Prompt:
Print exactly the lines that run from the opening line of the material through the line with "Hearthstone: Heroes of", and nothing else, leaving out pictures.
***** Records for the exercise *****
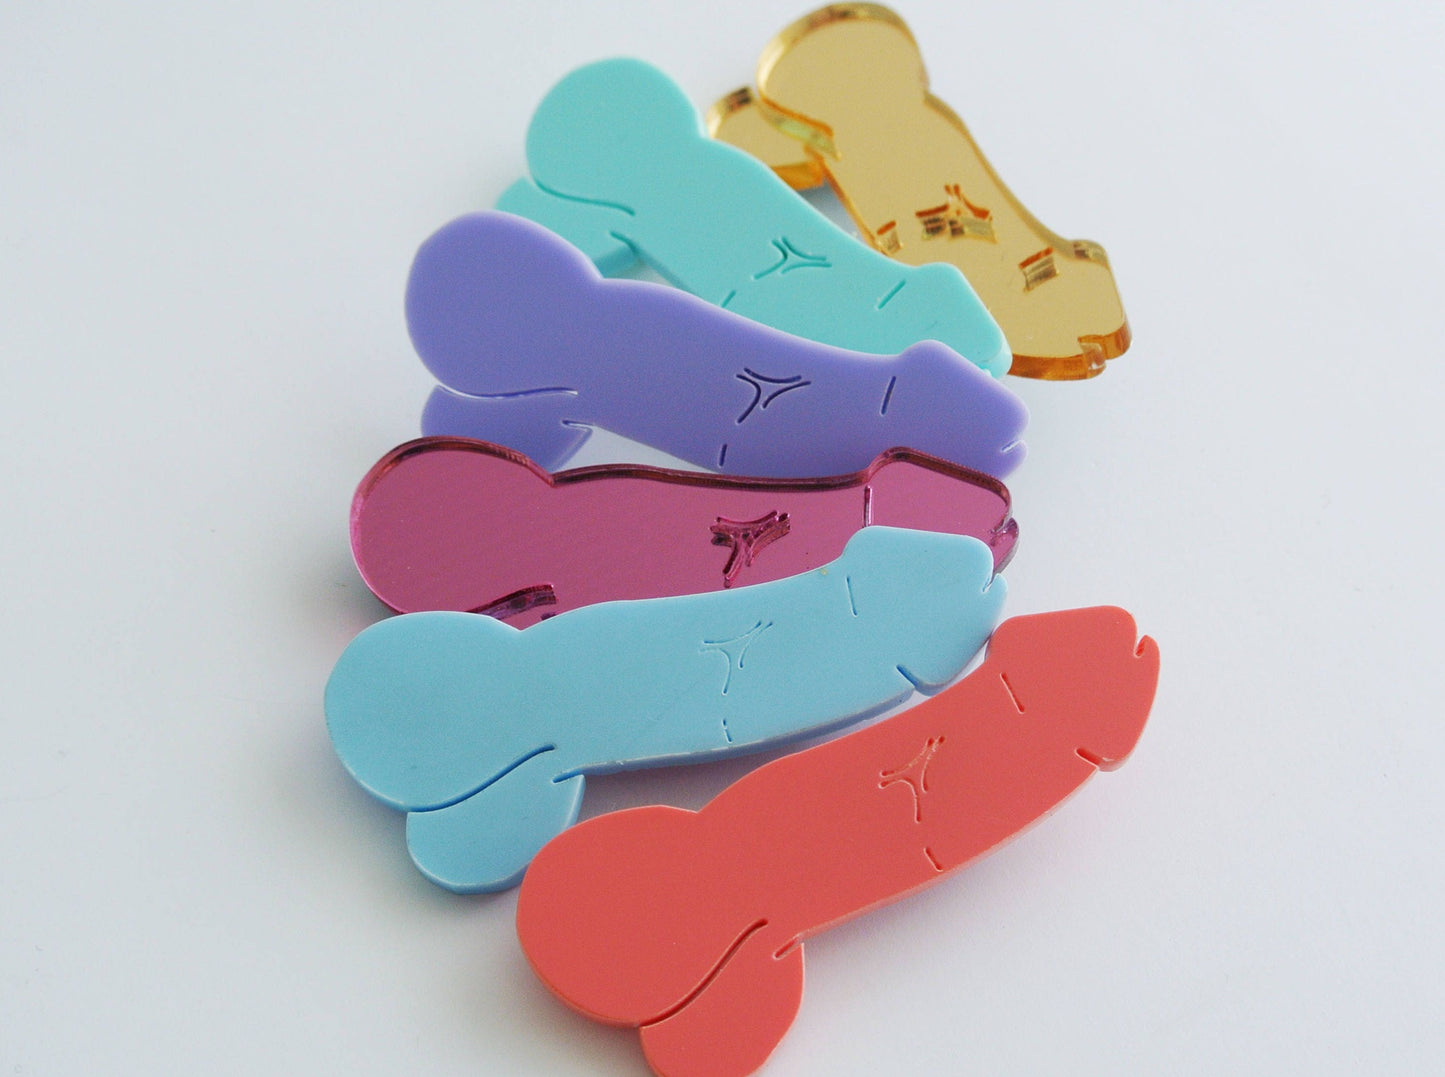 Dick brooch in 6 colours
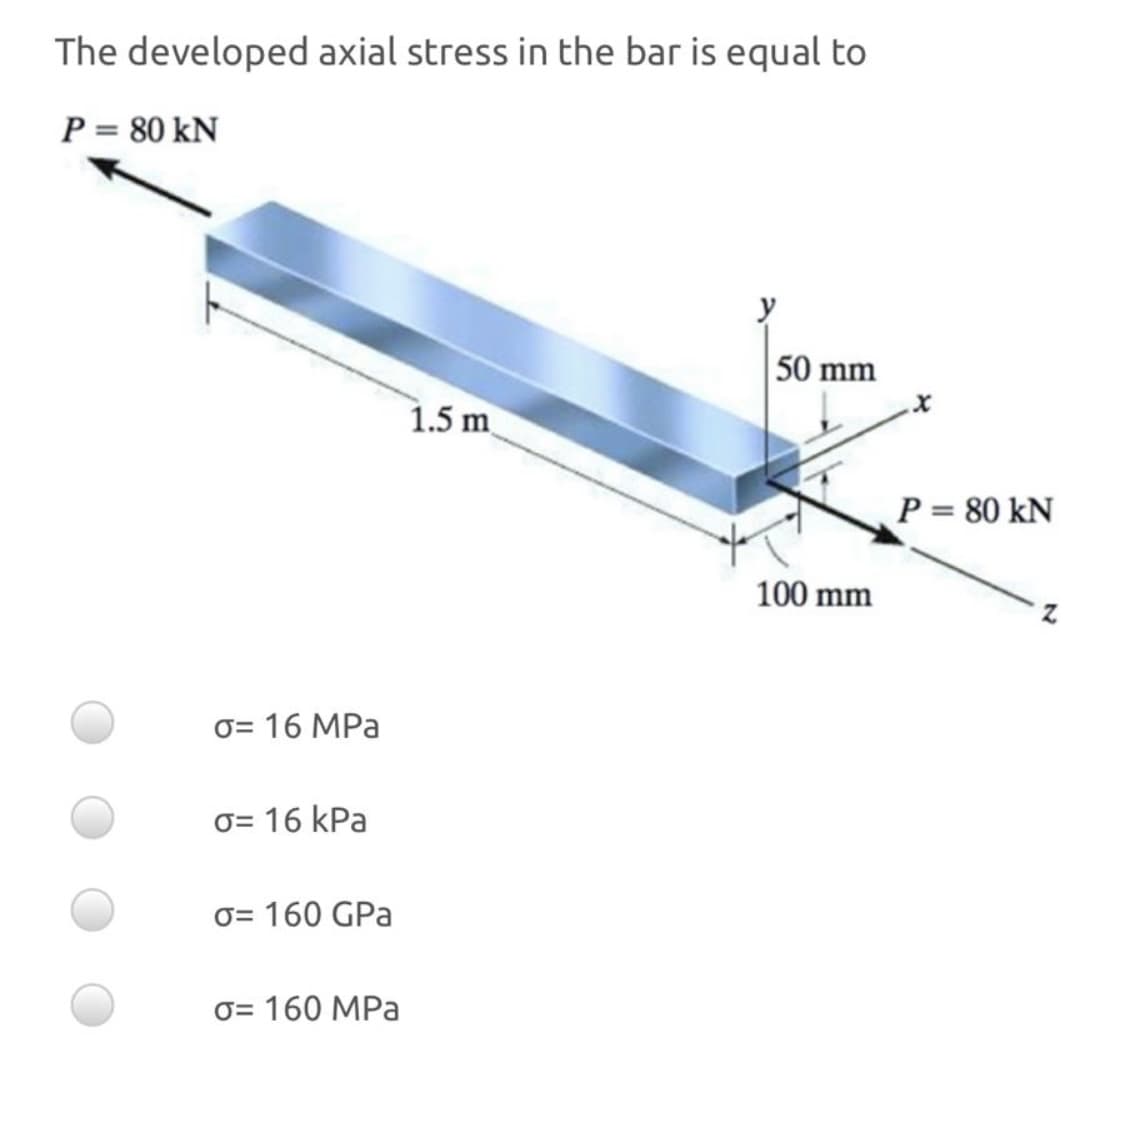 The developed axial stress in the bar is equal to
P = 80 kN
50 mm
1.5 m
P = 80 kN
100 mm
0= 16 MPa
0= 16 kPa
O= 160 GPa
O= 160 MPa
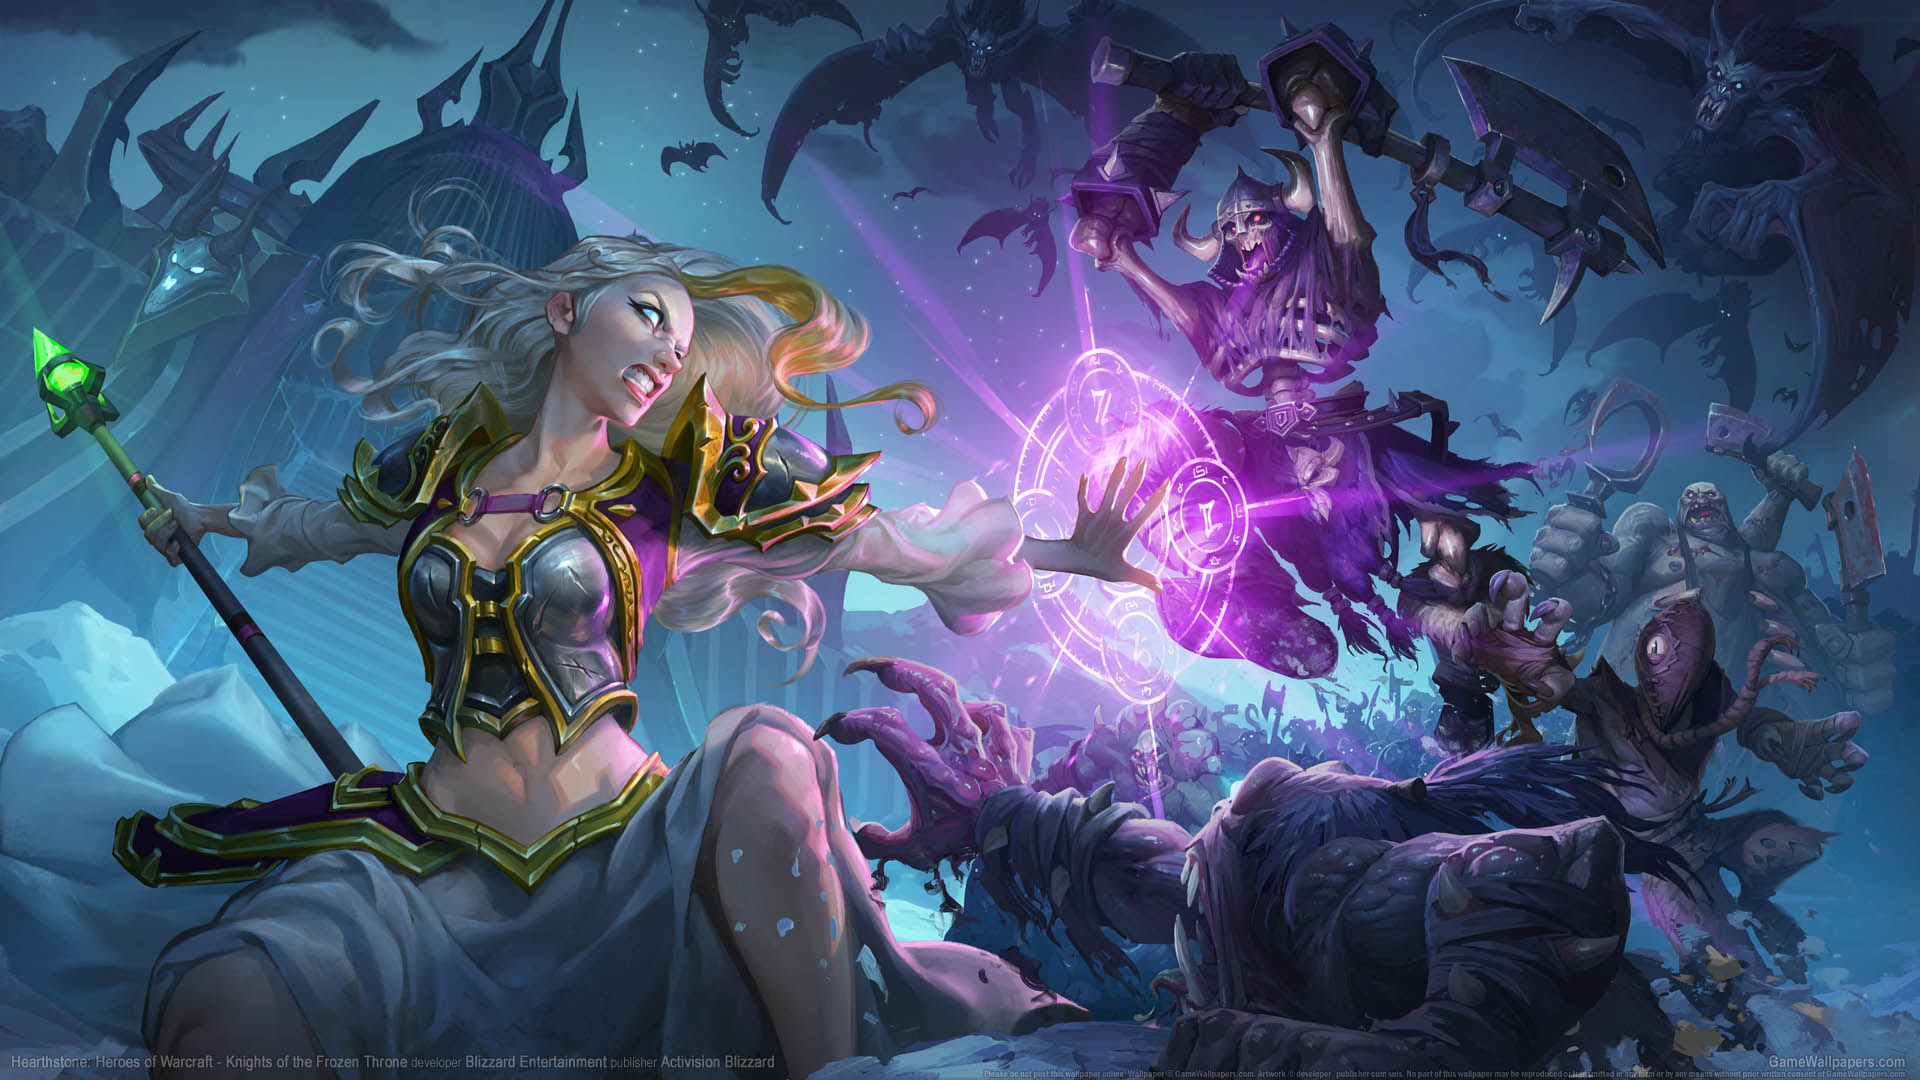 Hearthstone: Heroes of Warcraft - Knights of the Frozen Throne achtergrond 01 1920x1080
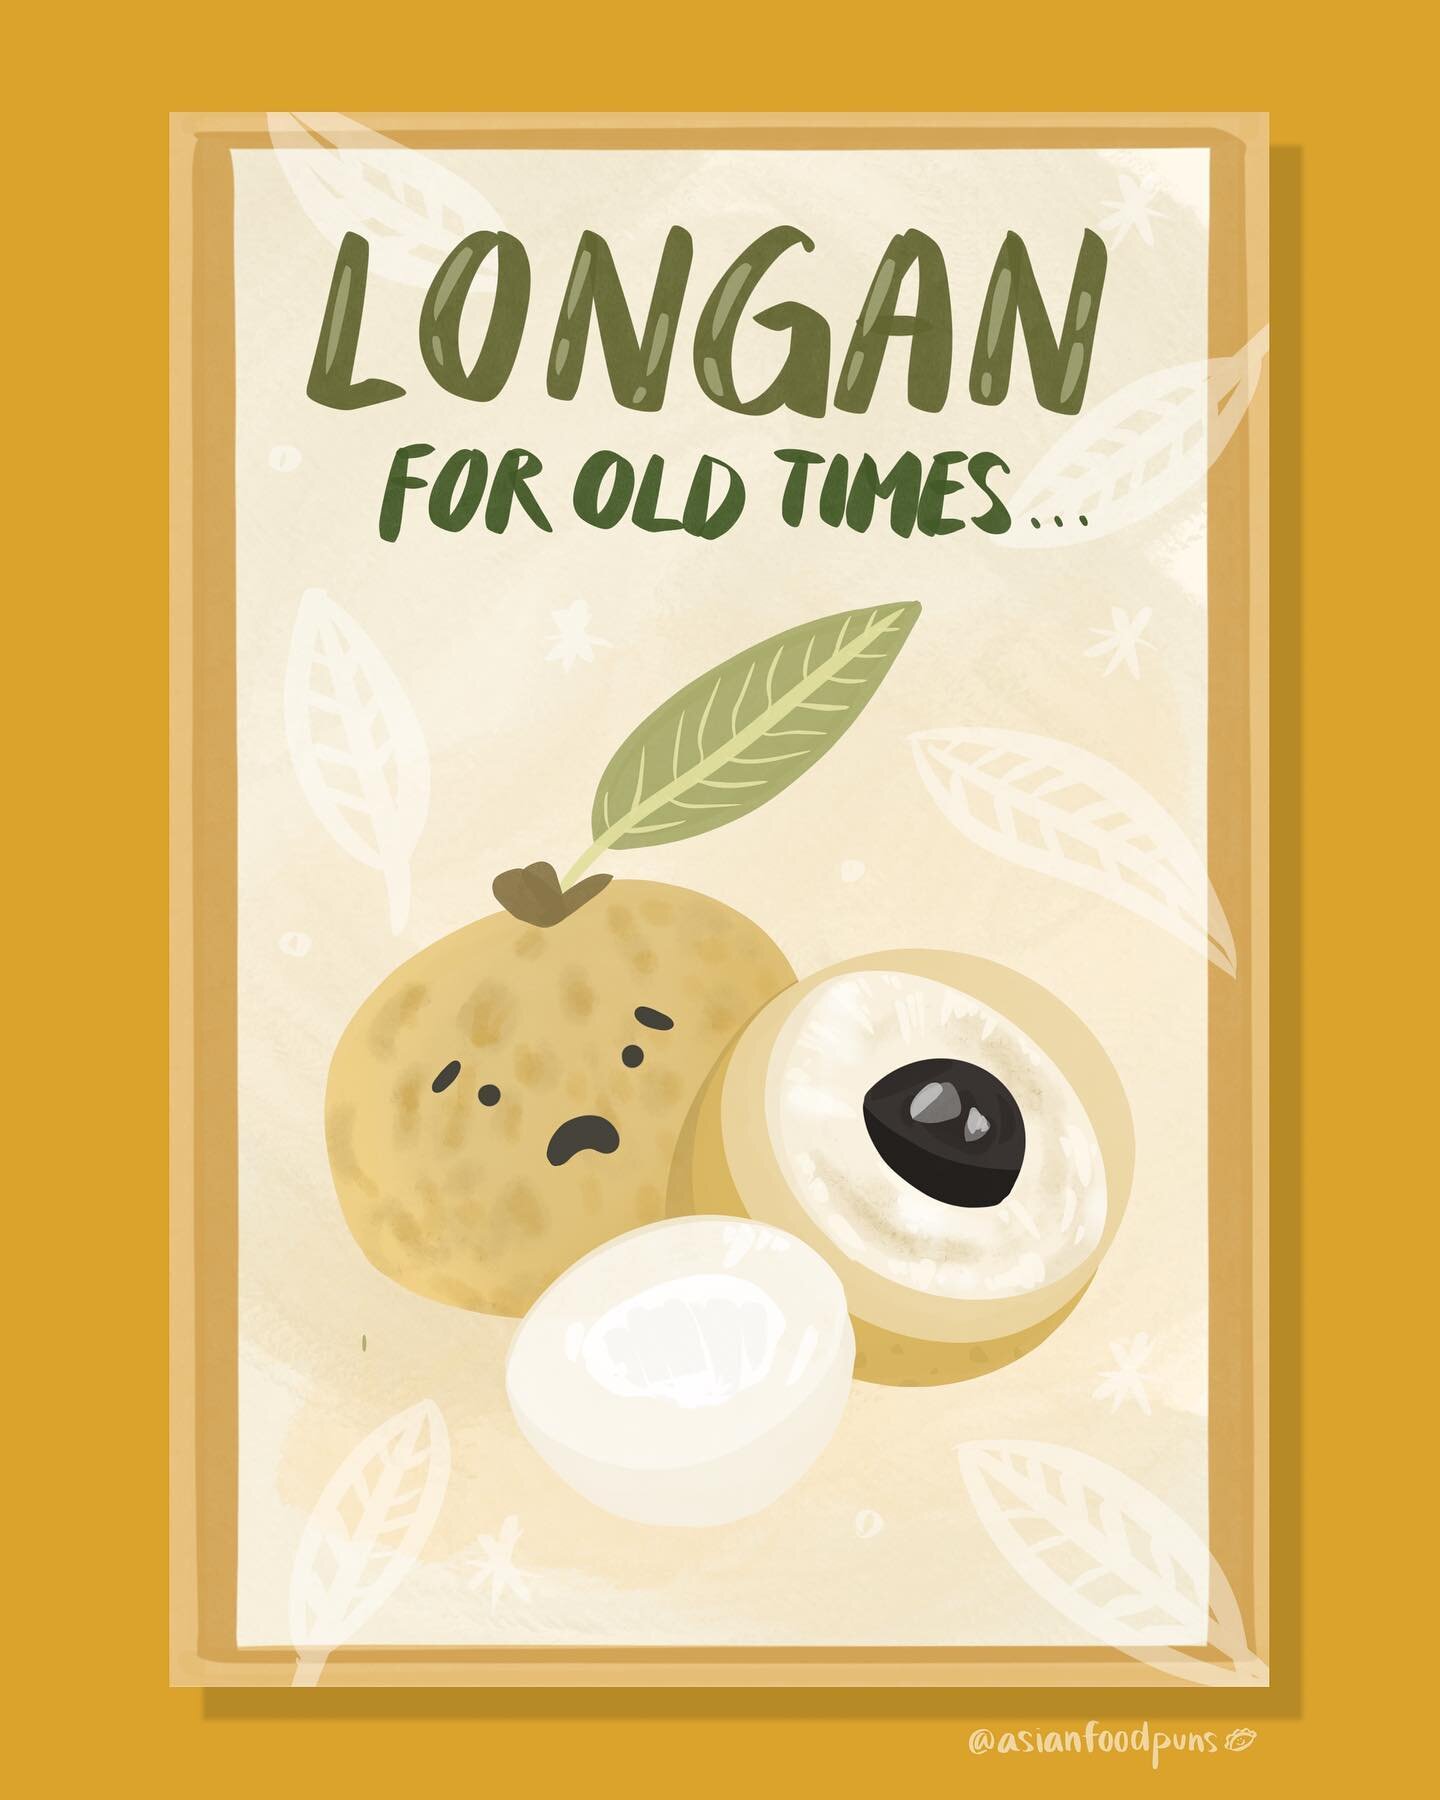 Tbh this pretty much sums up my mood all of 2020 😬
⠀
Also, longan is apparently 龙眼 in Chinese, which means dragon eye. It kind of similar to lychee or rambutan! According to Wikipedia, it is near threatened right now... just some random facts for yo
*****
Response to this exercise:
 Dick brooch in 6 colours
 The developed axial stress in the bar is equal to
P = 80 kN
50 mm
1.5 m
P = 80 kN
100 mm
0= 16 MPa
0= 16 kPa
O= 160 GPa
O= 160 MPa
 Hearthstone: Heroes of Warcraft - Knights of the Frozen Throne achtergrond 01 1920x1080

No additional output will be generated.